Chinese, US scientists identify ancient mammals with separate hearing, chewing bones


WASHINGTON -- Scientists in China and the United States reported a mammal living more than 120 million years ago, which provides evidence for separation of hearing and chewing modules in the evolution of therian mammals to which all extant mammals, including human beings, belong to.
The study published on Thursday in the journal Science showed that the mammal living in dinosaur's age in Northeast China did not have the bone link between the auditory bones and Meckel's cartilage.

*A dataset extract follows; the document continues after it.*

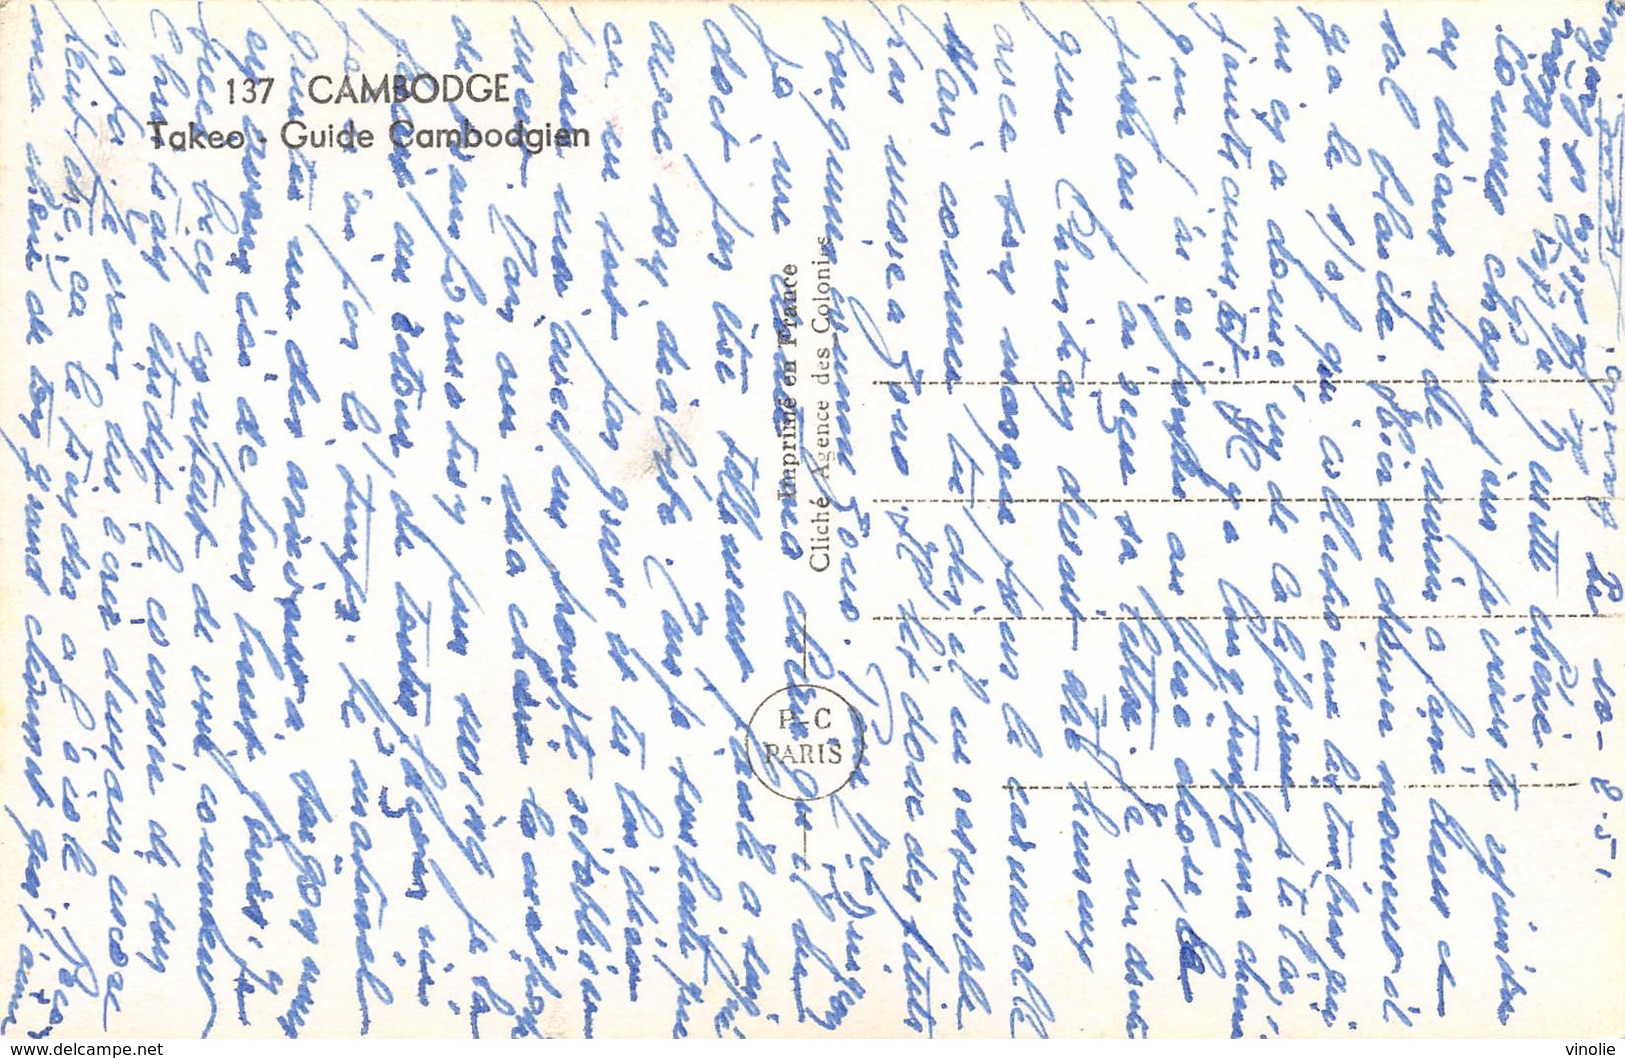 P-T2-18-5647 : CAMBODGE.  TAKEO. GUIDE CAMBODGIEN - Cambodge
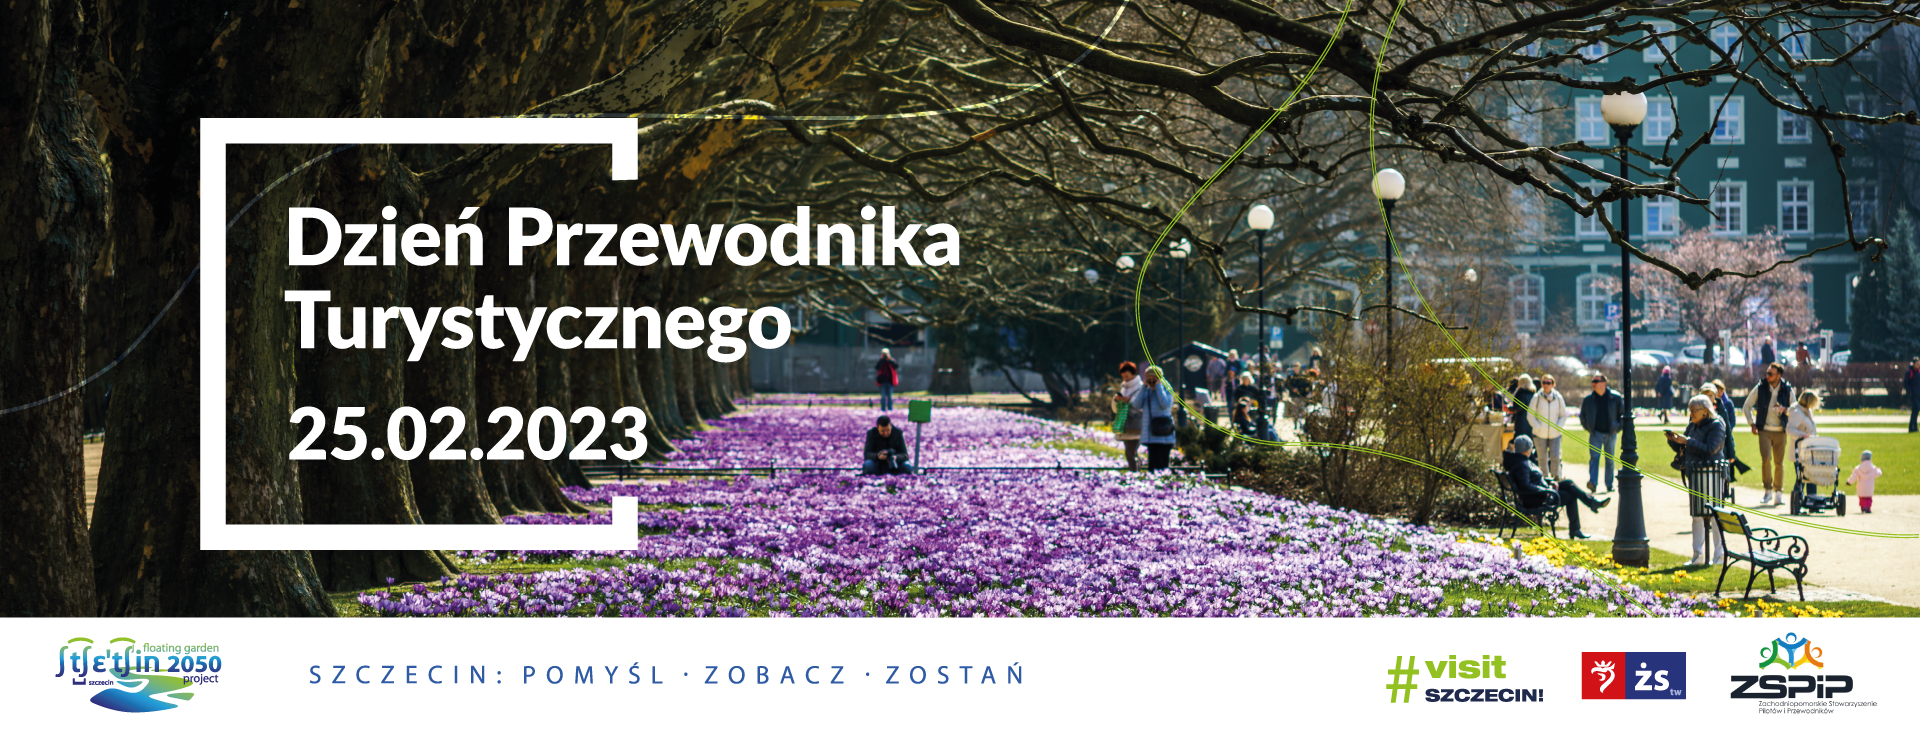 Międzynarodowy Dzień Przewodnika Turystycznego w Szczecinie

Scientists from the Chinese Academy of Sciences and the American Museum of Natural History reconstructed 3D skeletal morphologies of the new species called Origolestes lii using high-resolution microtomography.
Skull morphologies, dentitions, jaws, and tooth wear from individuals of the same species show evidence of opening and closing movements during the biting and chewing process as well as jaw yawing and rolling. The multi-directional movements of the lower jaw during chewing are likely to be one of the selection pressures that caused the detachment of the auditory ossicles from the dental bone and the Meckel's cartilage, according to the study.
It signals a more advanced stage in the evolution of the mammalian middle ear, since the decoupled hearing and chewing modules eliminated physical constraints that interfered with each other and possibly increased the capacity of the two modules to evolve.
After the separation, the animal's hearing module may have had greater potential to develop sensitive hearing of high frequency sounds, and the chewing module may have been able to evolve diverse tooth morphologies and occlusal patterns that facilitated consuming different foods, according to the study.